13.3.4. Algunas conclusiones e incertidumbres

Tal y como expusimos al comienzo de este libro (cfr. capítulos 1 y 3), el idealismo
vino marcado en sus orígenes por la admiración ante la Revolución francesa, que
apareció como un acontecimiento sin igual en el que la razón, por primera vez en la
historia, abarcaba toda la tierra y la tomaba a su cargo, reconciliando a Dios con la
naturaleza. Era una forma de retomar el viejo programa platónico de que la razón
gobernara el mundo. Pero el proyecto pertenece de derecho a eso que llamamos
Ilustración y no al Idealismo. Éste, por su parte, pensando en unas condiciones en las
que lo teórico no iba acompañado de ninguna revolución capaz de remover las entrañas
del planeta, surgió más bien de la hipóstasis alemana de esta exigencia, realizándola en
un aquí y un ahora capaz de condensar todos los esfuerzos de la historia en un absoluto,
de modo que la historia misma en su conjunto –a través de una especie de ʺdispositivo
Jesúsʺ o de nueva encarnación– se convertía en la facticidad de la razón. En verdad, el
impulso jacobino se había enfrentado a una realidad mucho más compleja que ese
milagro especulativo, siempre consciente de que la razón no podía tomar a su cargo el
mundo más a que través de una dictadura educativa que, por un camino u otro y en un
complejo juego de instancias dispuestas en clave de oposición real, siempre acababa
instaurando alguna suerte de Terror. La herencia genuina de este jacobinismo empeñado
en otorgar a la razón –y en consecuencia al espacio político– el derecho a gobernar, ha
quedado desconcertantemente materializada en nuestro siglo en la pavorosa dictadura
educativa maoísta, en el proyecto trotskista de militarizar el trabajo y, consecuentemente,
cualquier flujo social, o en la propia realidad del stalinismo, en la que un totalitarismo
policial se encargó del mismo cometido, instituyéndose en garantía de cumplimiento de la
planificación económica y social decidida por la instancia política.

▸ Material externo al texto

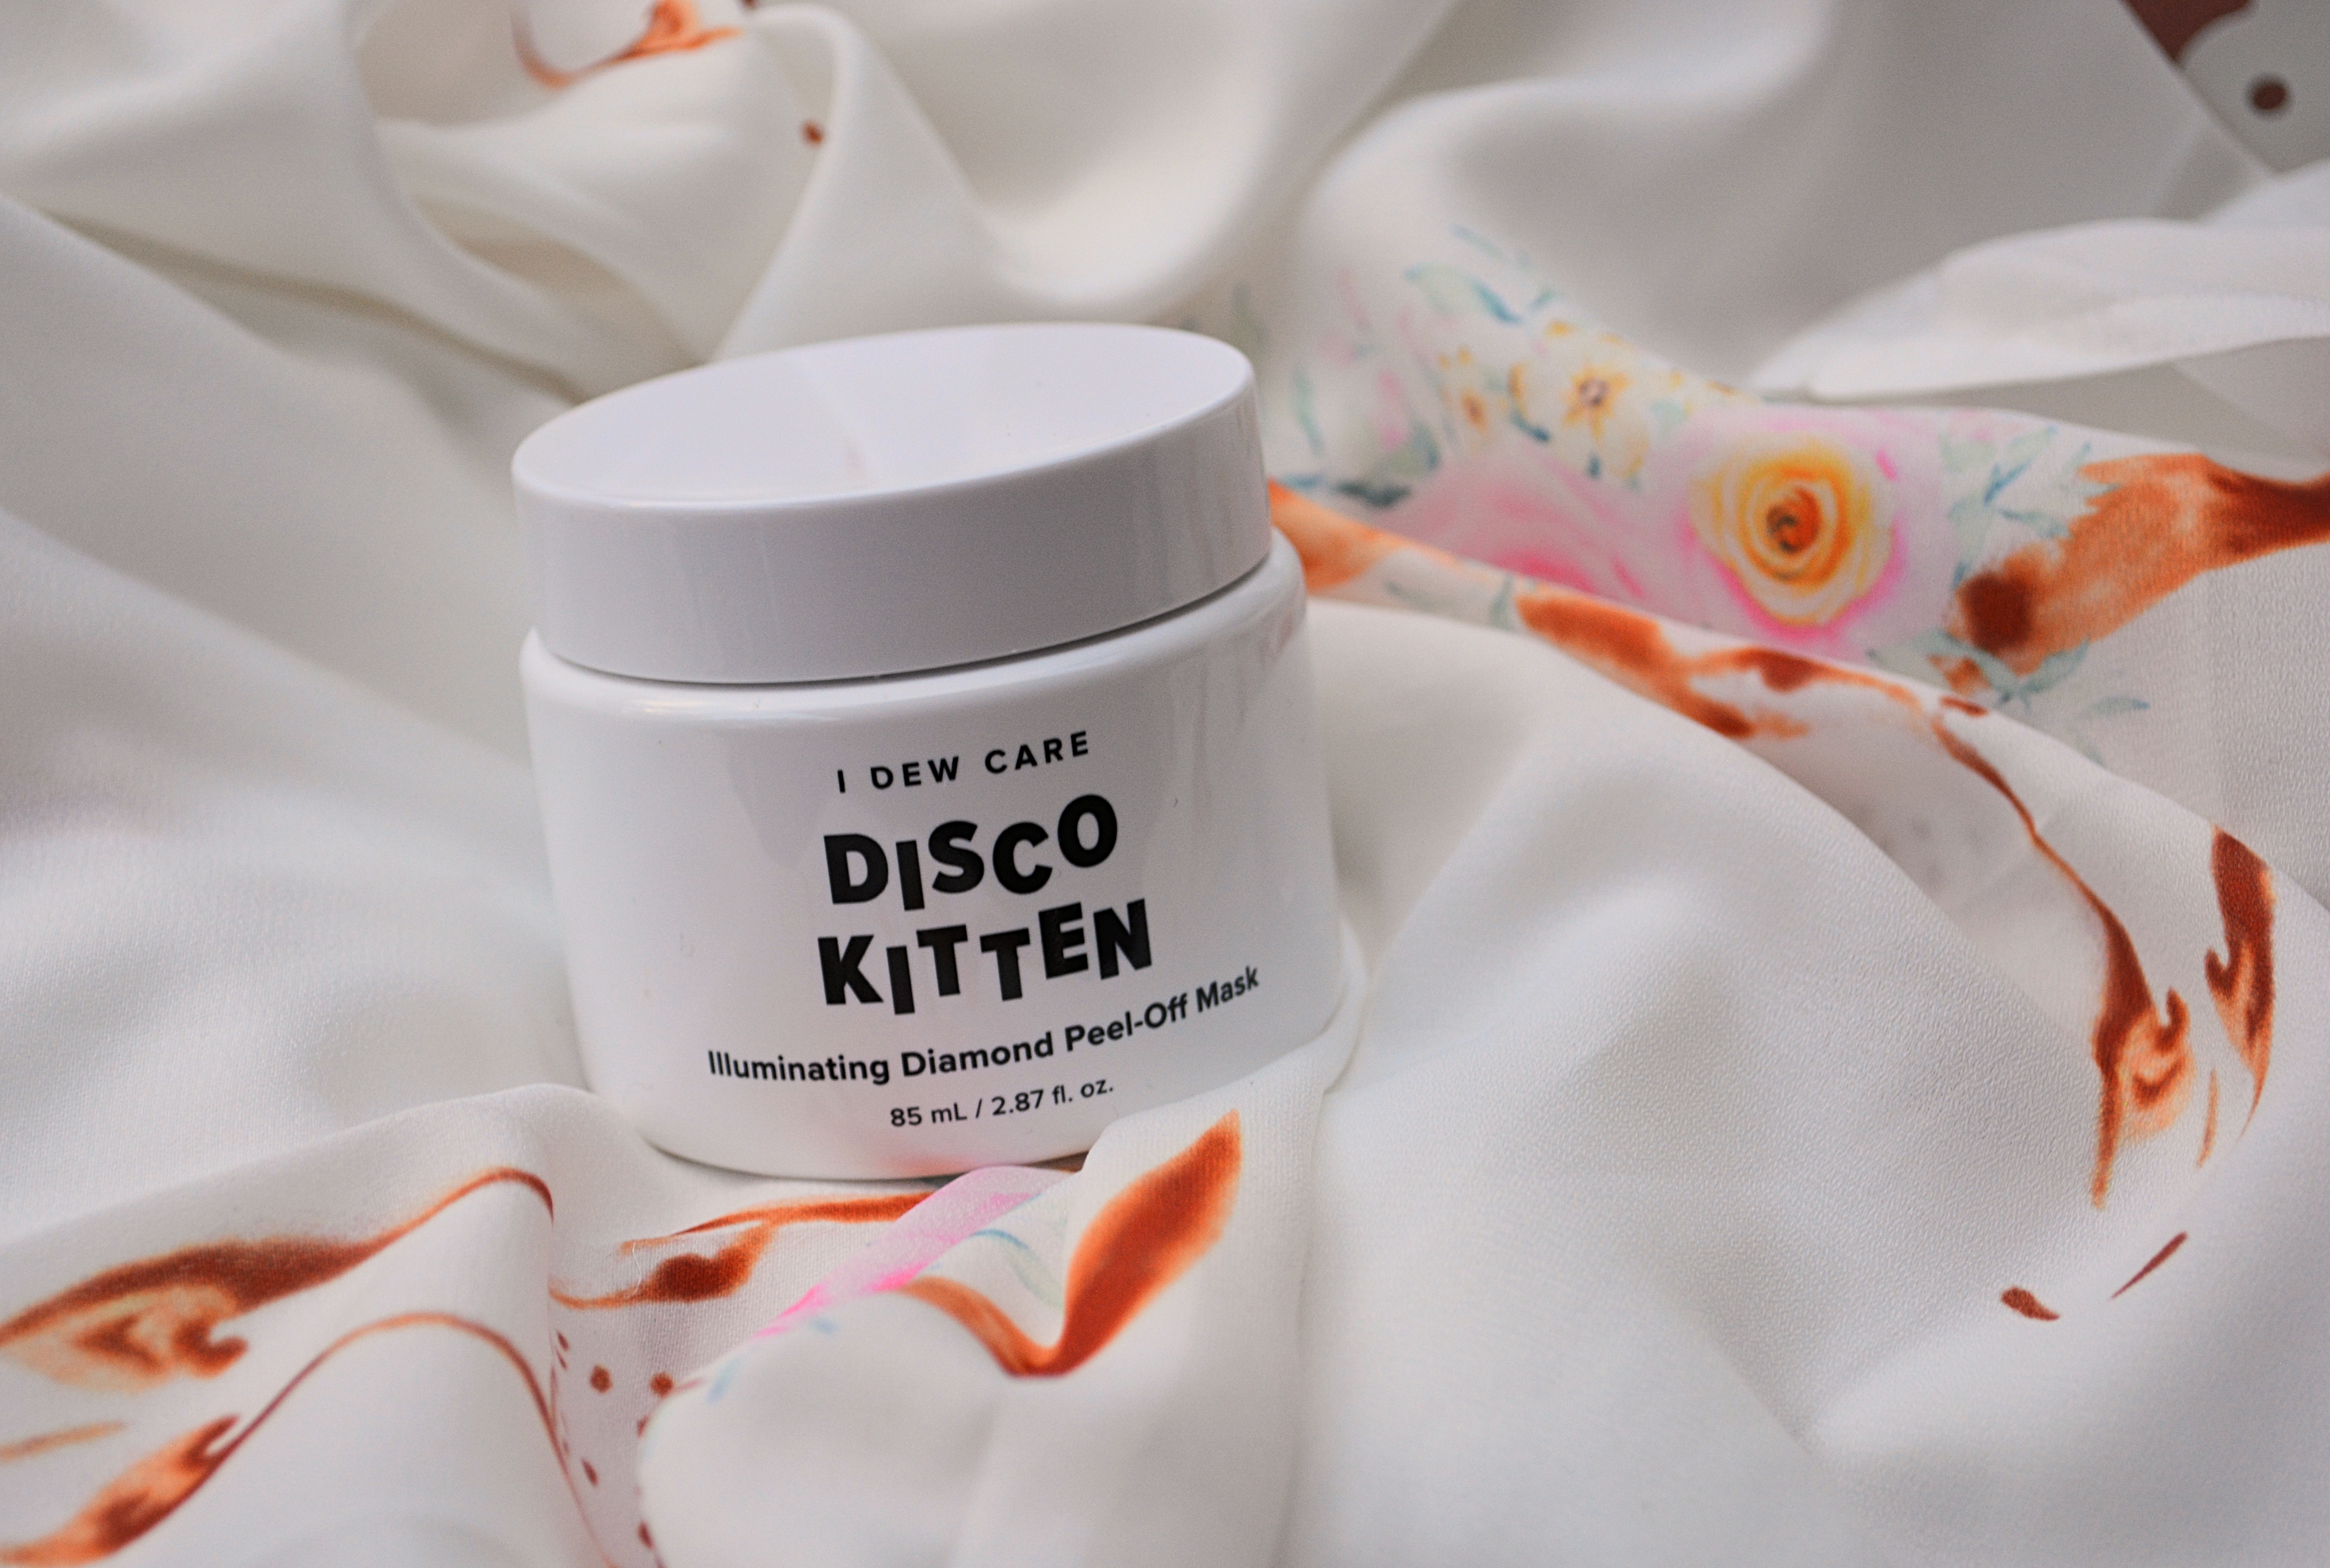 I Dew Care Disco Kitten

Esta herencia tenebrosa del impulso ilustrado no puede eclipsar el hecho de que la

285
herencia práctica del impulso idealista tampoco ha seguido caminos menos inquietantes.

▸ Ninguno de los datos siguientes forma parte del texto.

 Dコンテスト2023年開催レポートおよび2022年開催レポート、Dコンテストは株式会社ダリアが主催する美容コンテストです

Las exigencias de la razón práctica obligan a sentar unas condiciones en las que el
espacio político pueda tener eficacia sobre lo social y lo económico. Pero si el
jacobinismo ilustrado jamás ha dejado de enfrentarse a ese problema, generando todo
tipo de aberraciones históricas inéditas, la pretensión de ver encarnadas las exigencias de
la razón mediante una mitología racional o una razón mitológica acabaron por
desembocar –haciendo así de Heine un verdadero profeta– en la revolución nacional‐
socialista, sustituyendo el terror por el exterminio y viniendo a demostrar que, para una
humanidad decidida a gobernar, soñar no ha sido más inofensivo que actuar. Una vez
que la razón ha adquirido realidad en forma de mitología, el mito acaba por ser más
importante que la propia razón; y puesto que la razón se había encarnado, esta vez, en
algo universal los enemigos del mito no aparecían como meros opositores políticos, sino
como carne inexplicablemente sobrante de la totalidad y destinada a ser aniquilada en
tanto que enemiga de la humanidad.
Este último punto es el que no puede dejar de inquietarnos a la hora de juzgar
nuestros estados democráticos, pues la matriz de nuestra conciencia política sigue mucho
más los pasos desdichados del idealismo que los del jacobinismo. Si se ha apartado de
éste no ha sido por haber construido una habitación racional en la que otorgar a lo
político la eficacia para gobernar en el marco de esas leyes que el socialismo real ignoró y
que el nazismo y el fascismo decidieron anular, sino porque ha descubierto que, en
determinadas condiciones y recintos privilegiados, los sueños de la razón –aunque sigan
hundiendo sus raíces en un inconsciente basura en el que aún agoniza la mayor parte del
planeta– ya no necesitan del recurso al terror: la impotencia de las leyes para gobernar es
casi imperceptible ahí donde el mundo que debe ser gobernado no las viola demasiado.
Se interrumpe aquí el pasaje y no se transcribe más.